Understanding pure water is an essential prerequisite for grasping the behavior of aqueous solutions interacting with surfaces. The use of leadership class resources has been instrumental in assessing the accuracy of first principles theories for water. With earlier INCITE allocations, several accurate flavors of density functional theory (e.g., PBE0 and van der Waals functionals) were used to investigate water and ions in water with atomistic resolution. Specifically, researchers carried out ab initio molecular dynamics calculations using the Qbox code on Intrepid, an IBM Blue Gene/P, and determined the structural and vibrational properties of liquid water and simple anions in water for several temperatures.
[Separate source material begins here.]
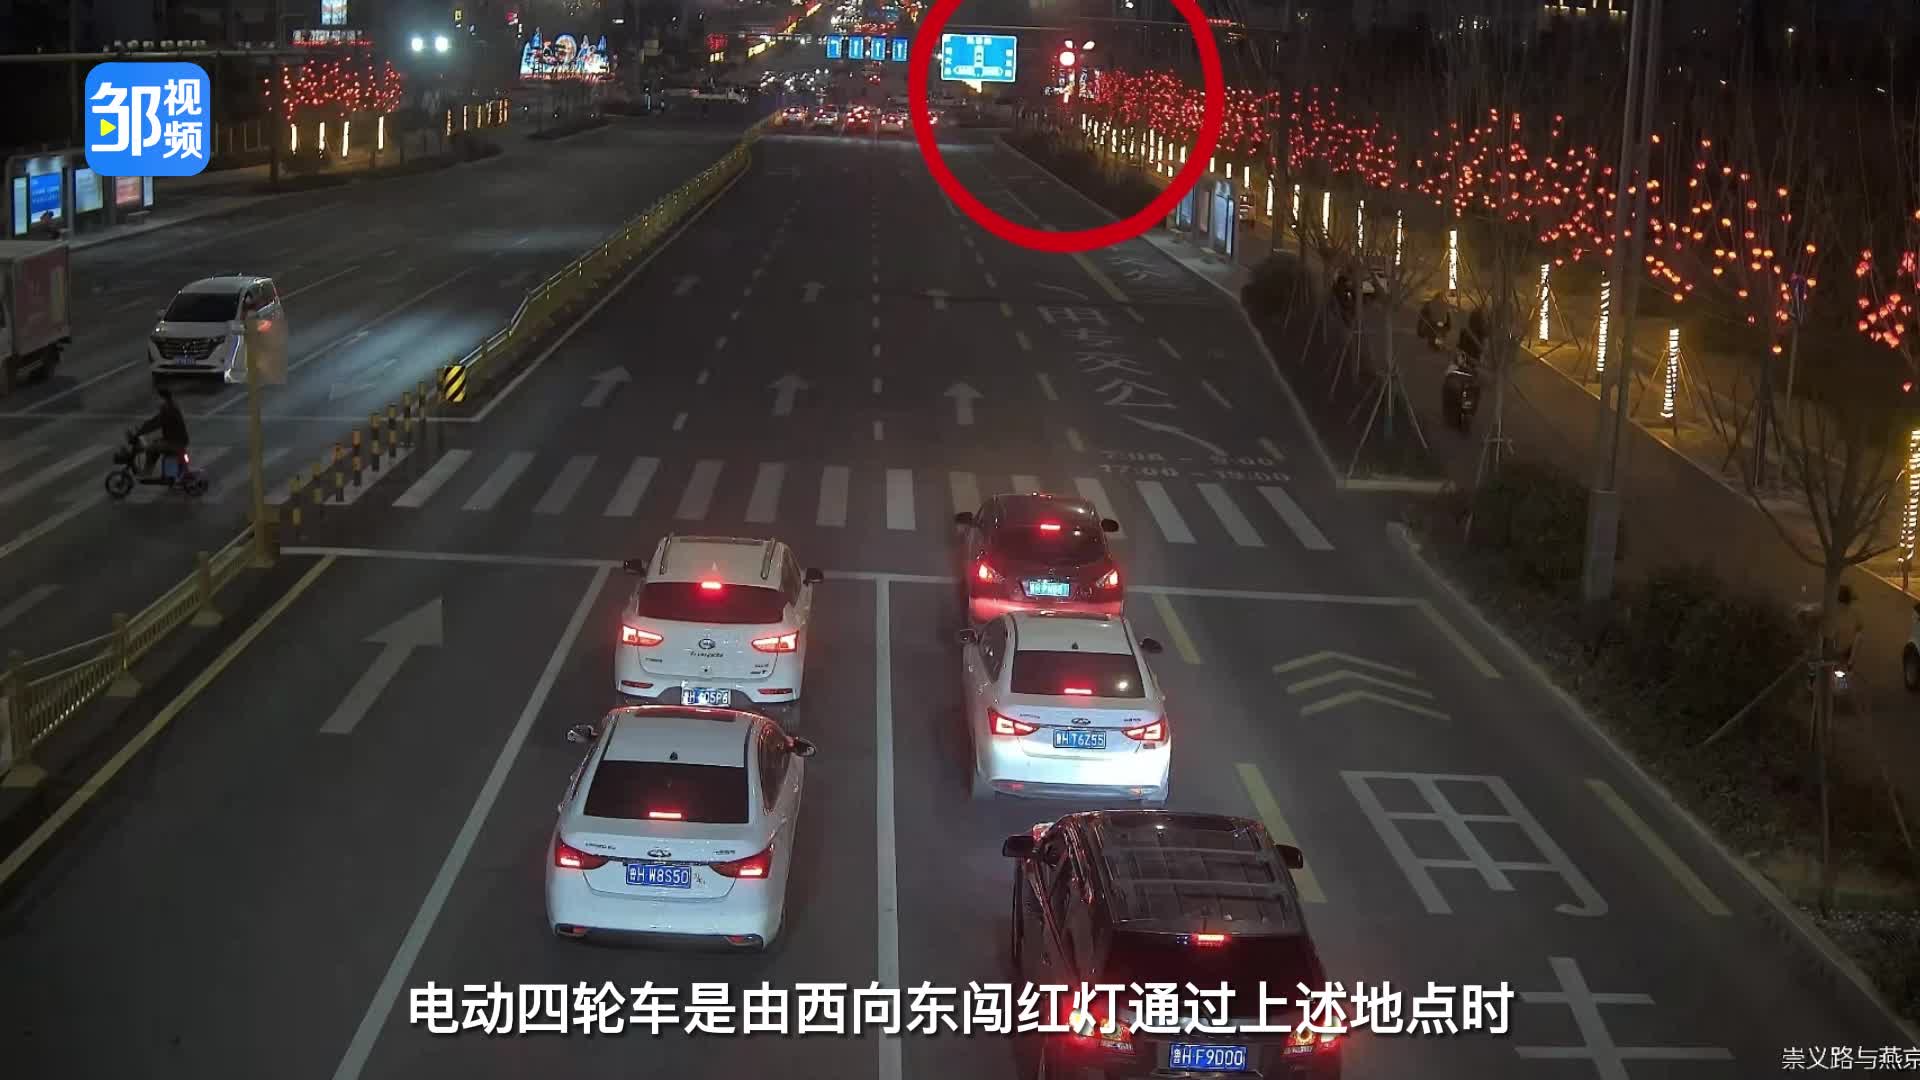 【邹视频·新闻】54秒 | 小车闯红灯 事故负全责

Findings suggest that through the use of high-performance computing, researchers can significantly improve their predictive power of aqueous environments.

The research team will continue to develop scalable software for first principles simulations using recursive bisection algorithms. Future work also includes expanding computational spectroscopy capabilities to study water at solid oxide interfaces and water/low Z mixtures at metal interfaces, including the calculation of infrared and Raman spectra.

This research is enabling the team to separate the effects responsible for observed phenomena that can’t be easily probed experimentally, such as interface structure dependence of vibrational properties of liquids and liquid mixtures. Galli’s ongoing work will play a key role in understanding the physical and chemical problem of processes involved in carbon-bearing fluids in the deep Earth, in particular, methane dissociation under upper mantle conditions, as well as in understanding structure and dissociation of water in contact with solid oxide surfaces.